Scientists have discovered a new form of ice

(ORDO NEWS) — UNLV researchers have discovered a new form of ice that is redefining the properties of water at high pressure.

Solid water or ice, like many other materials, can form various solid materials depending on conditions of varying temperature and pressure, such as carbon forming diamond or graphite.

However, water is exceptional in this aspect, since we know of at least 20 solid forms of ice. A team of scientists working at UNLV’s Extreme Conditions Laboratory in Nevada has developed a new method for measuring the properties of high-pressure water.

The water sample was first compressed between the tips of two diamonds facing each other and frozen into several intermixed ice crystals. The ice was then subjected to laser heating, which temporarily melted it before it quickly turned into a powdery array of tiny crystals.

By gradually increasing the pressure and periodically shooting it with a laser beam, the team watched as the water ice made the transition from the known cubic phase, Ice-VII, to the newly discovered intermediate and tetragonal phase, Ice-VIIt, before moving into another known phase, Ice-X .

Zach Grande, UNLV Ph.D. student, led the work, which also demonstrated that the transition to Ice-X, when the water hardens aggressively, occurs at a much lower pressure than previously thought.

While it’s unlikely we’ll find this new phase of ice anywhere on Earth‘s surface, it’s most likely a common component of Earth’s mantle, as well as large moons and water-rich planets outside our solar system.

The group’s findings were published in the March 17 issue of Physical Review B. The research team has been working to understand the behavior of high-pressure water that may be present in the interior of distant planets.

To do this, Grande and UNLV physicist Ashkan Salamat placed a water sample between the tips of two round-cut diamonds known as diamond anvil cells, a standard feature in high pressure physics.
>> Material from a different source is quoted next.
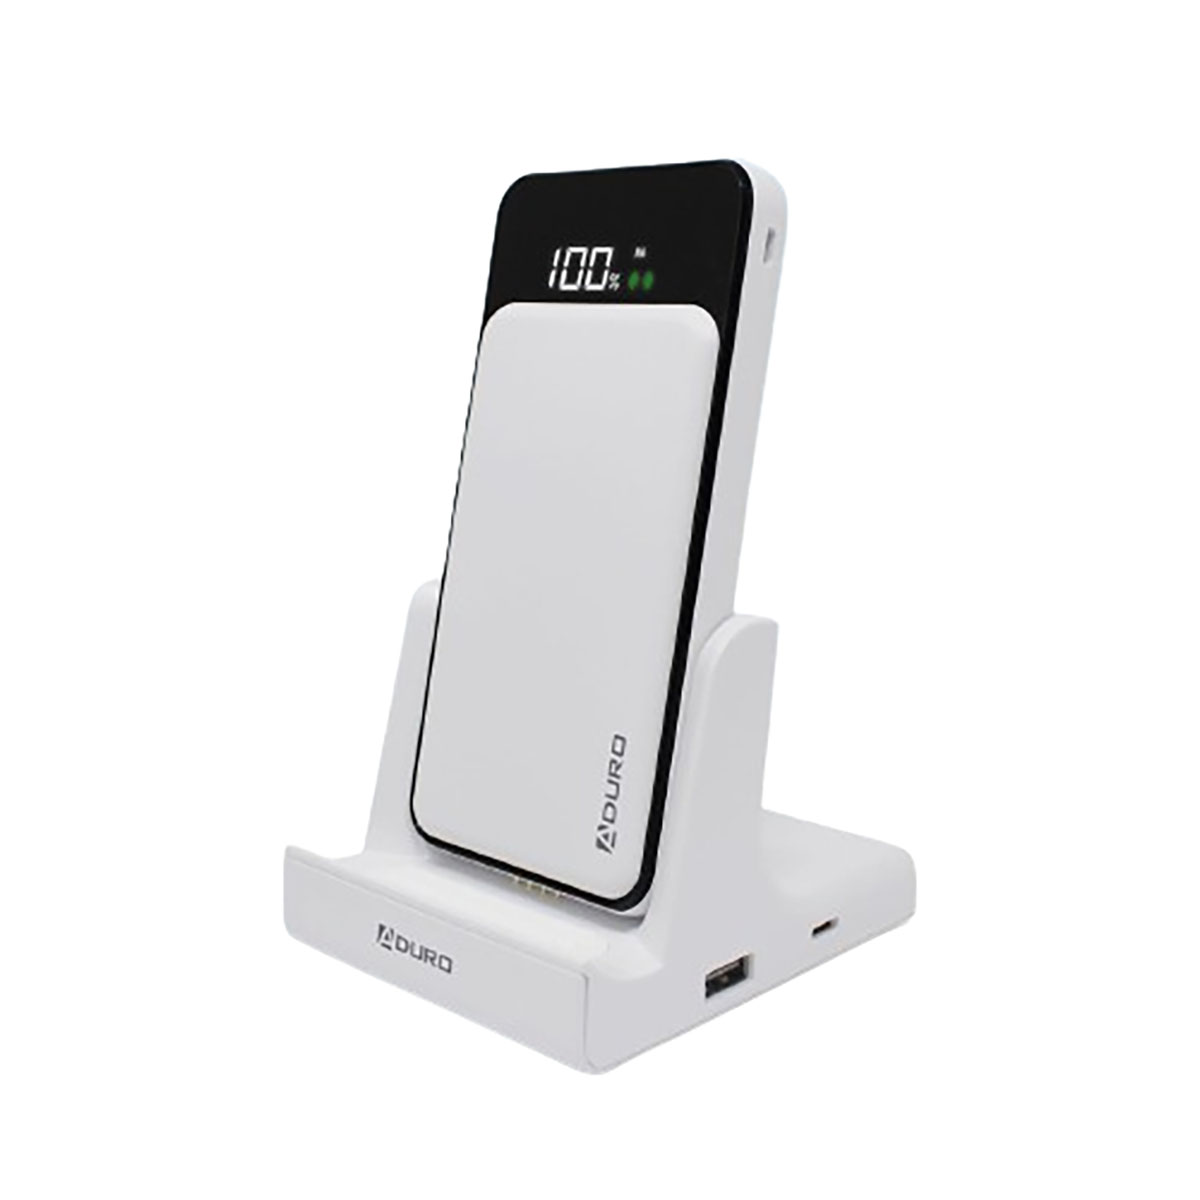 Photos - Charger Aduro PowerUp 2-in-1 Qi Wireless Charging Battery & Desktop Charging Stati

Applying a small amount of force to the diamonds allowed the researchers to recreate a pressure as high as at the center of the Earth.
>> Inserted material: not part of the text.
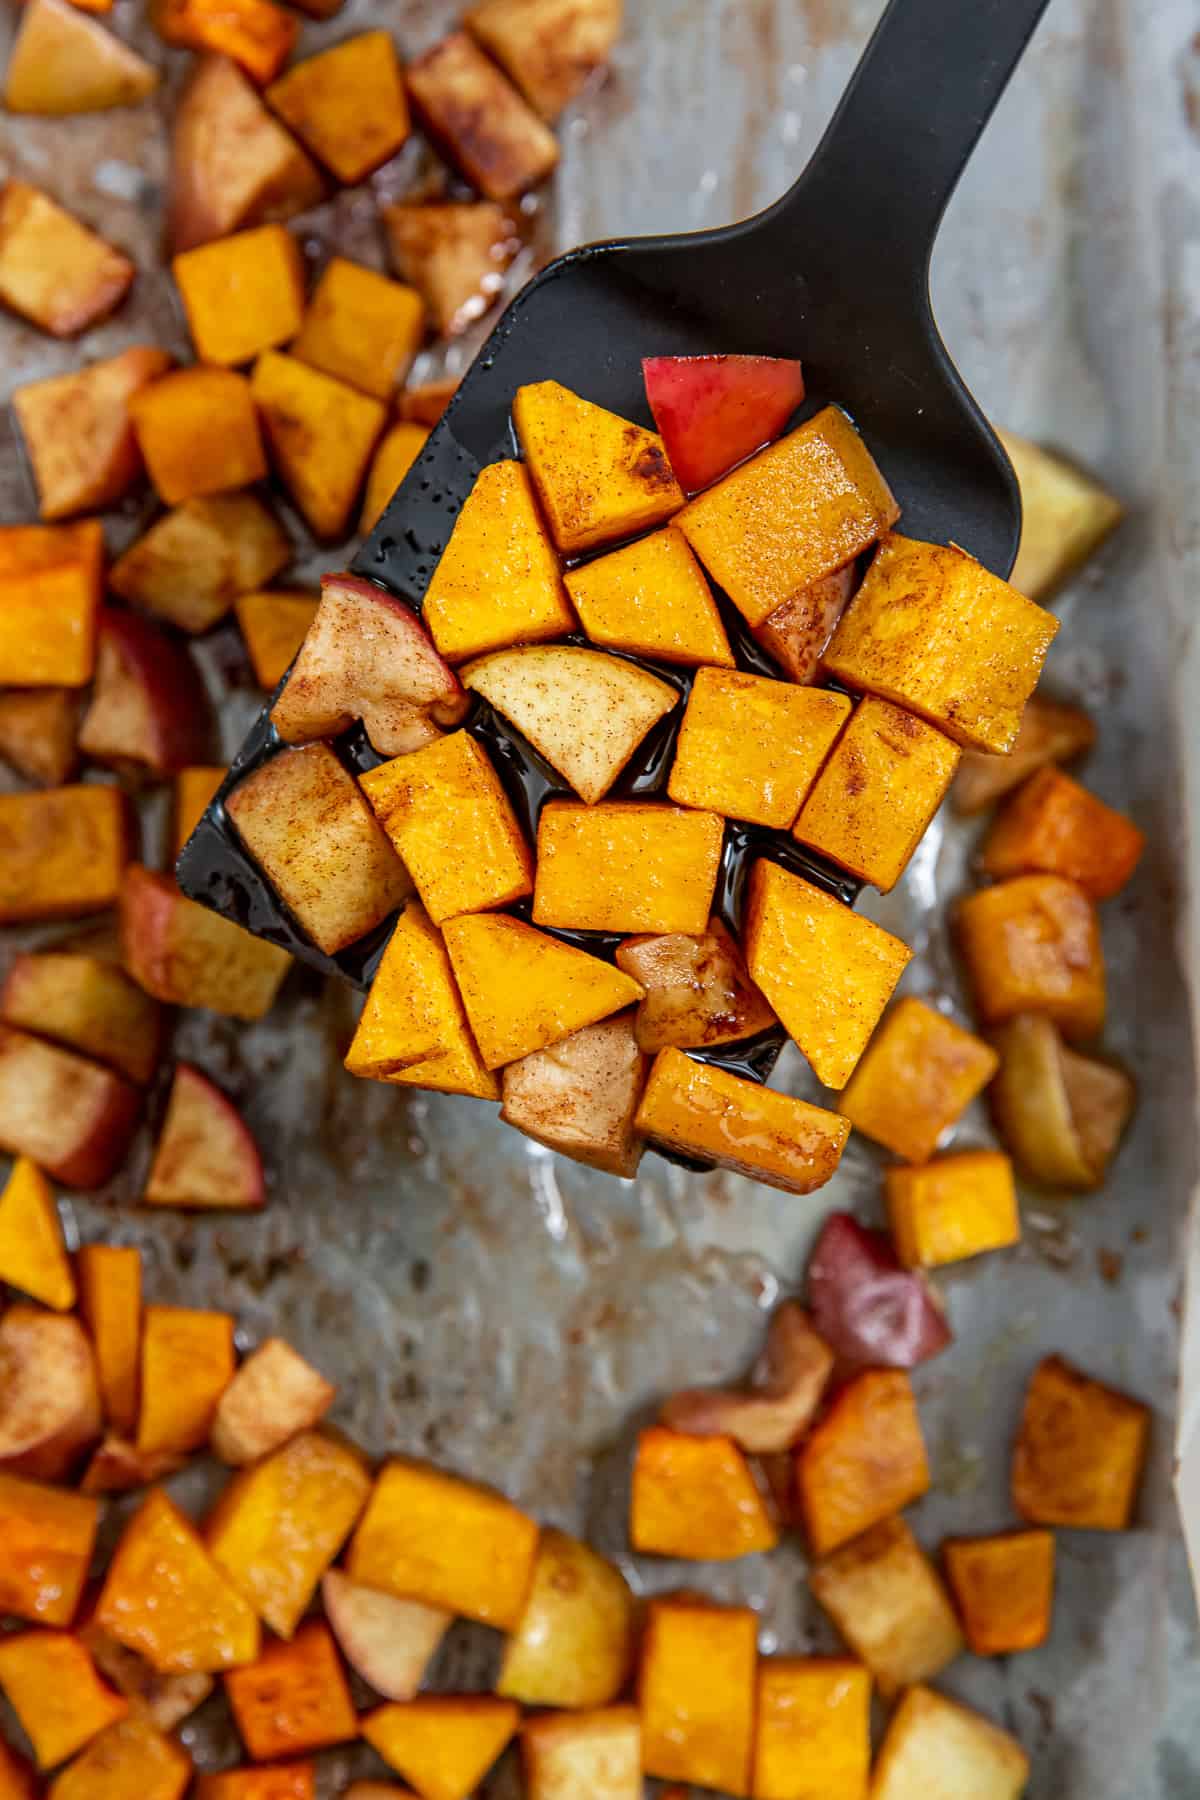 A spatula lifts roasted butternut squash and apples from a baking sheet.

By placing a sample of water between these diamonds, the scientists brought the oxygen and hydrogen atoms into various locations, including the newly discovered Ice-VIIt location.

Not only did the first-of-its-kind laser heating method allow scientists to observe a new phase of water ice, the team also found that the transition to Ice-X occurred at a pressure almost three times lower than previously thought – at 300,000 atmospheres instead of 1 million atmospheres. This transition has been a widely discussed topic in the community for several decades.

“Zak’s work demonstrated that this conversion to an ionic state occurs at much lower pressures than has ever been thought,” Salamat said.

“This is the missing piece and the most accurate measurement ever taken on the water in these conditions.”

The work also redefines our understanding of exoplanet composition, Salamat added. The researchers speculate that the Ice-VIIt ice phase may exist in abundance in the crust and upper mantle of putative water-rich planets outside our solar system, meaning that they could have conditions for life.